EXERCISE: Pictures must not appear in the copy. Restate exactly the lines below from the one with "in a frenzy" through the one with "Amidst surge in", inclusive.

INFORMATION PROVIDED:
+ + + +

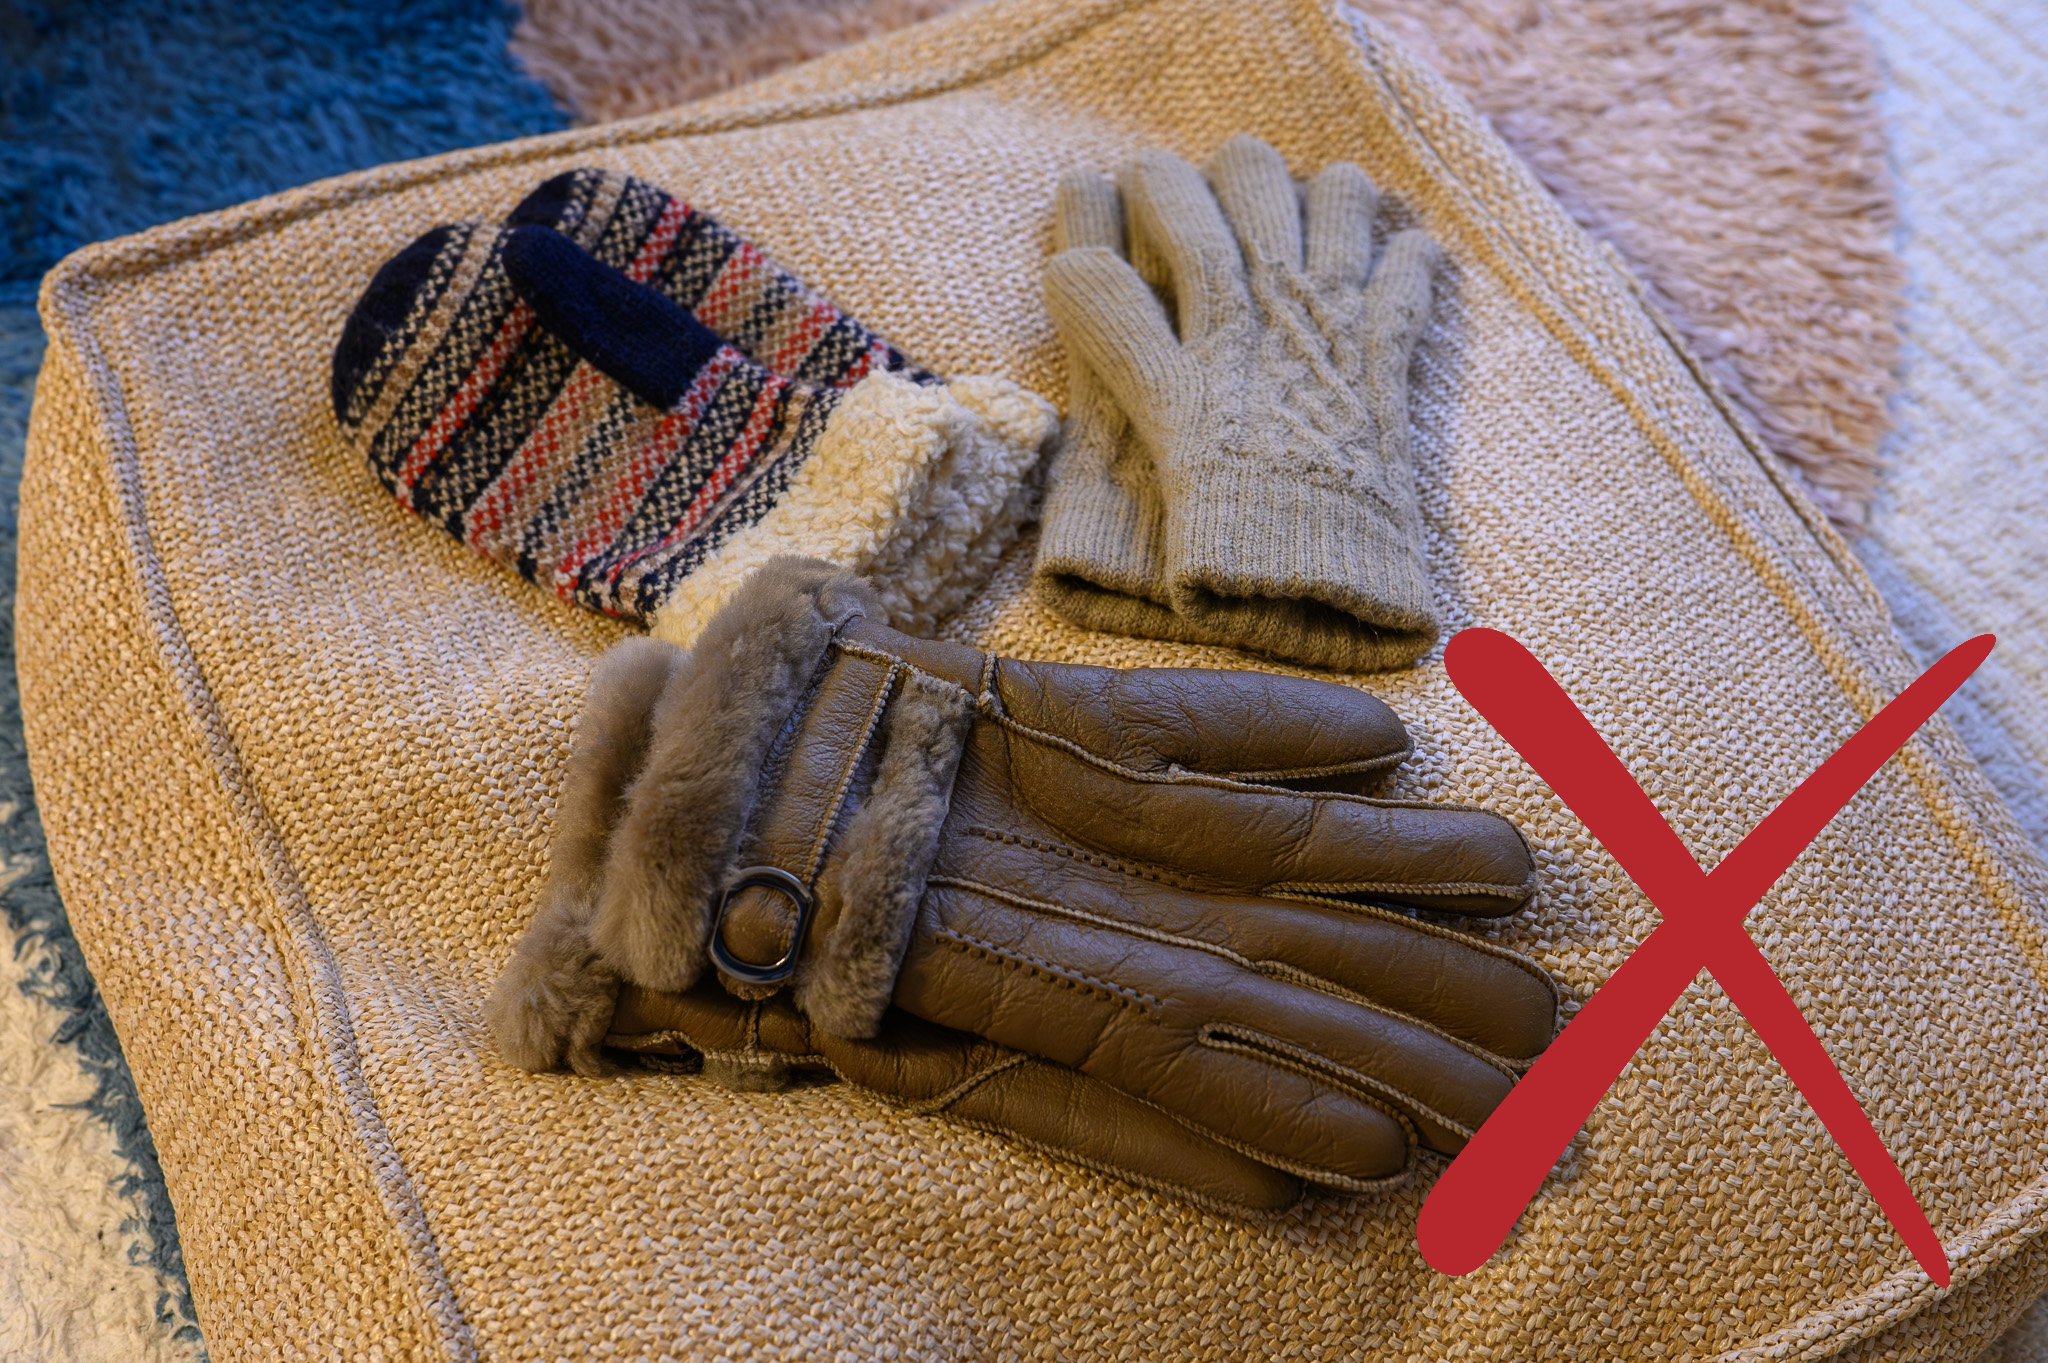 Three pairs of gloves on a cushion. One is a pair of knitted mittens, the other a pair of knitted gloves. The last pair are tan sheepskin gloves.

+ + + +

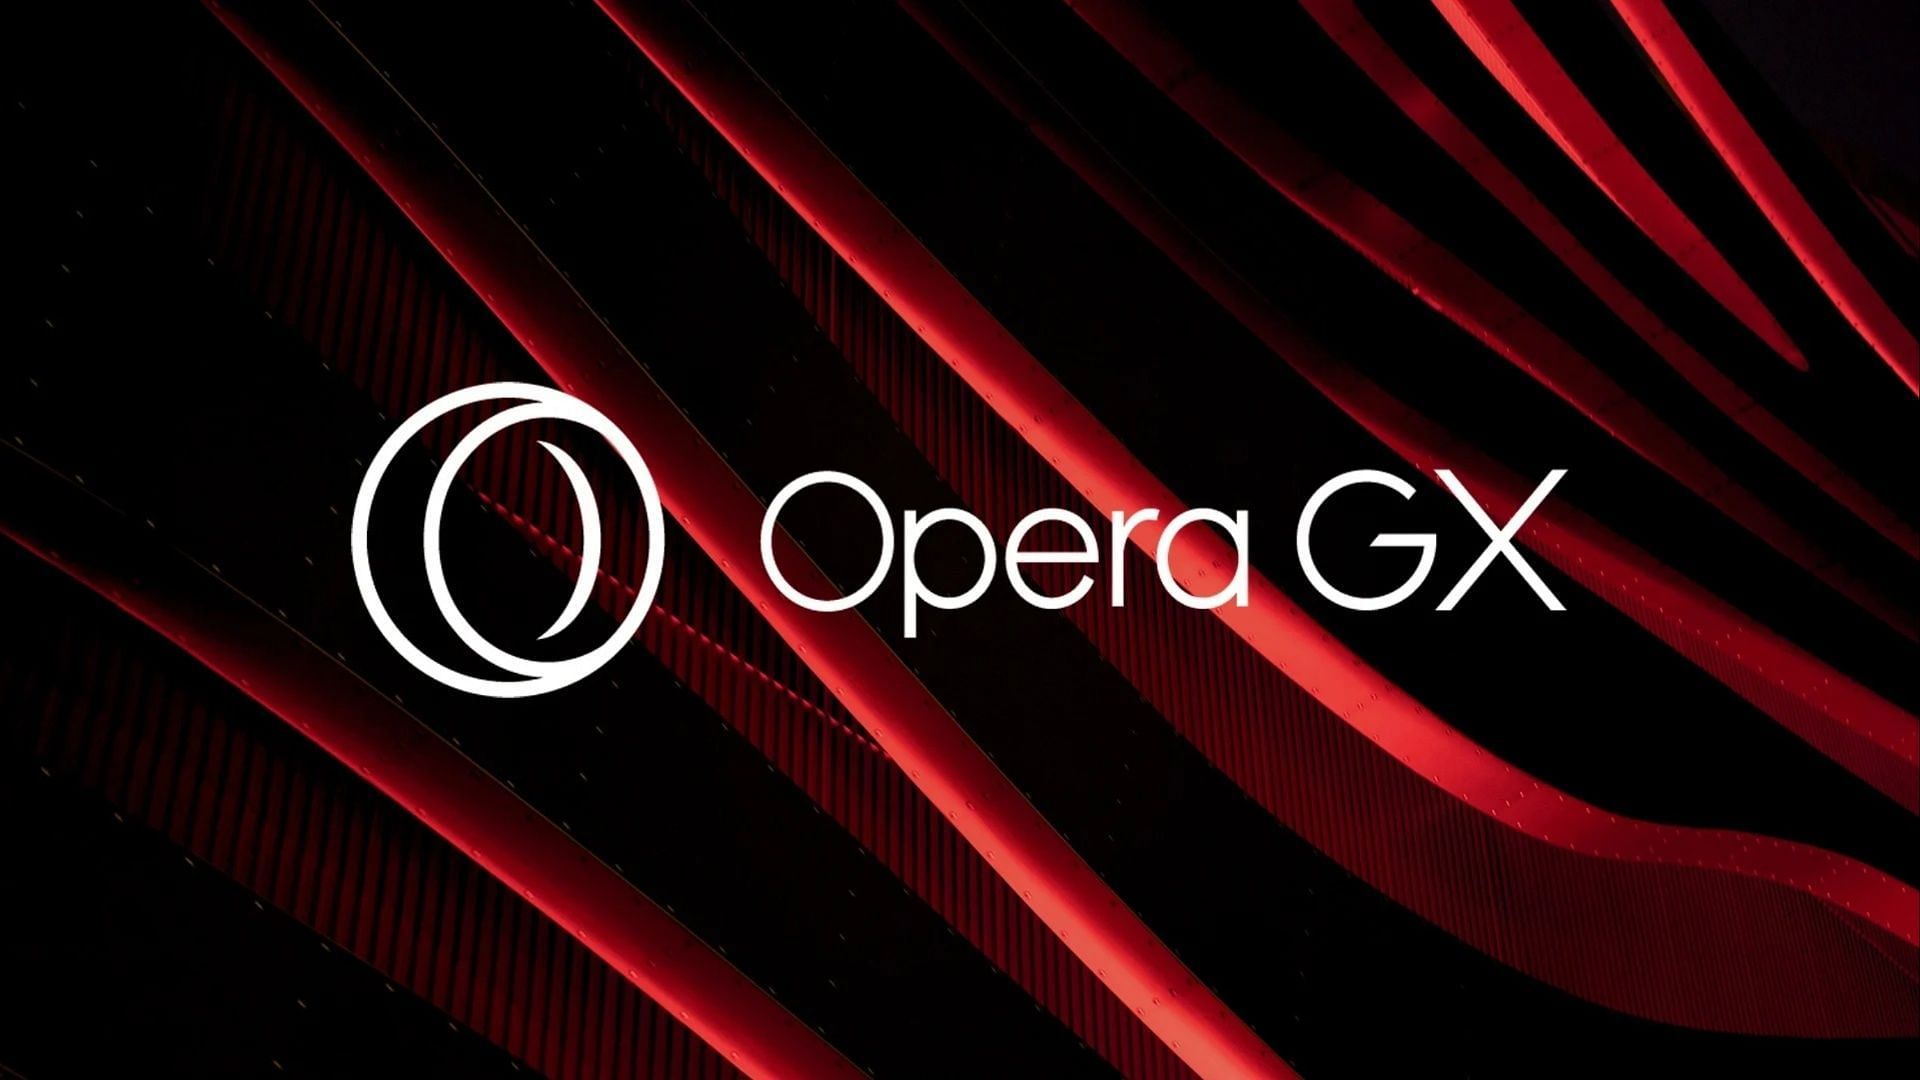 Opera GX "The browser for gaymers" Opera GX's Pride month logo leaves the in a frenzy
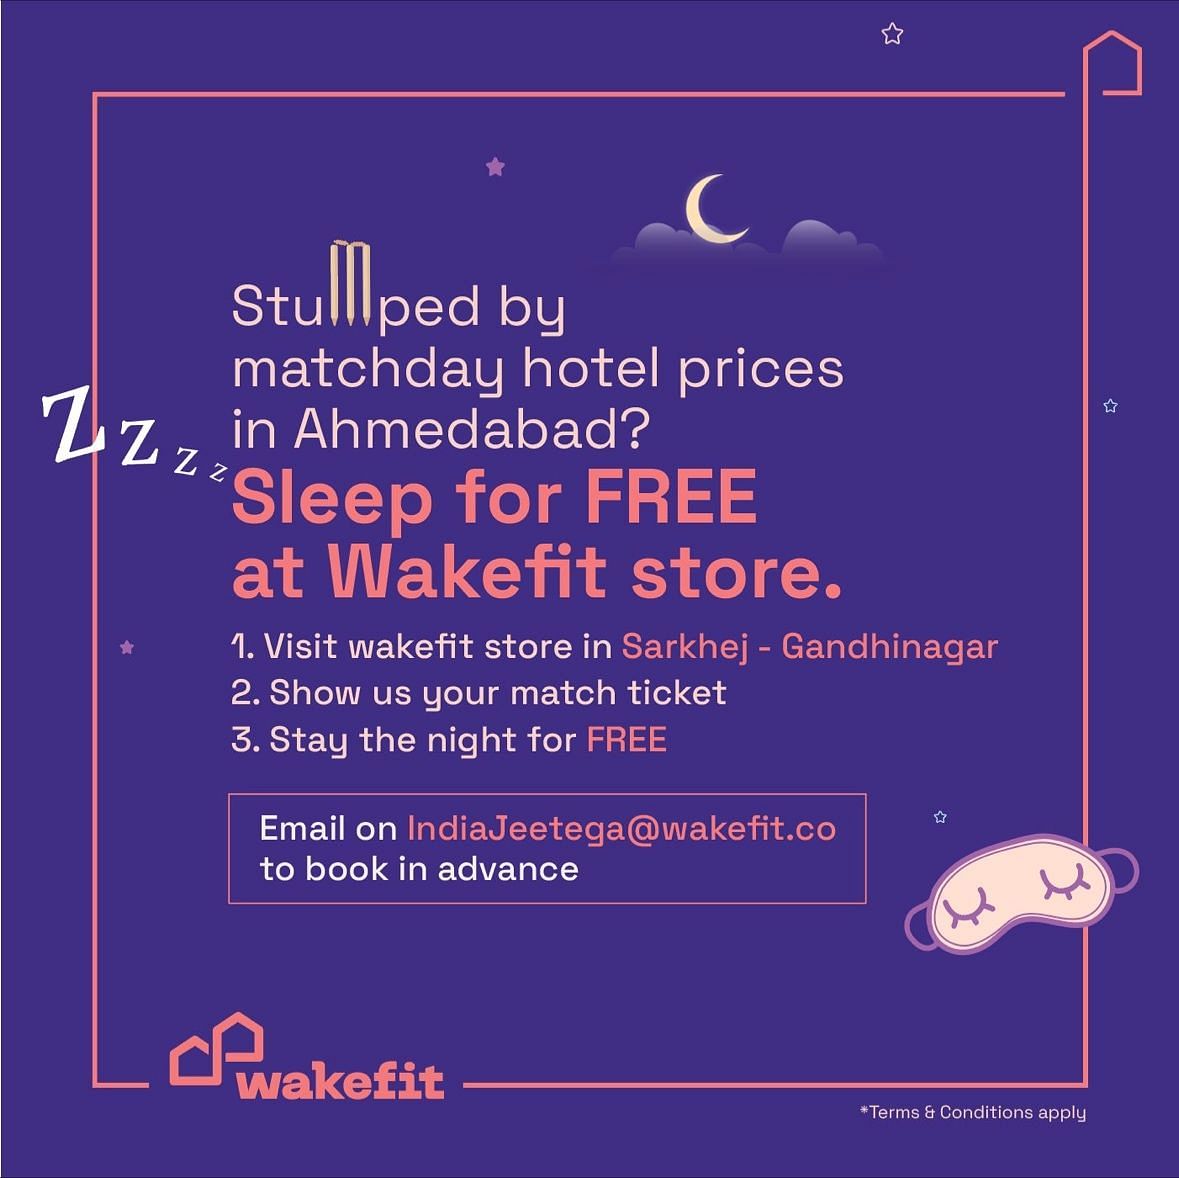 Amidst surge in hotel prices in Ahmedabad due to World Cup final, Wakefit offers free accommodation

+ + + +

FINISHED EXERCISE:
 Opera GX "The browser for gaymers" Opera GX's Pride month logo leaves the in a frenzy
 Amidst surge in hotel prices in Ahmedabad due to World Cup final, Wakefit offers free accommodation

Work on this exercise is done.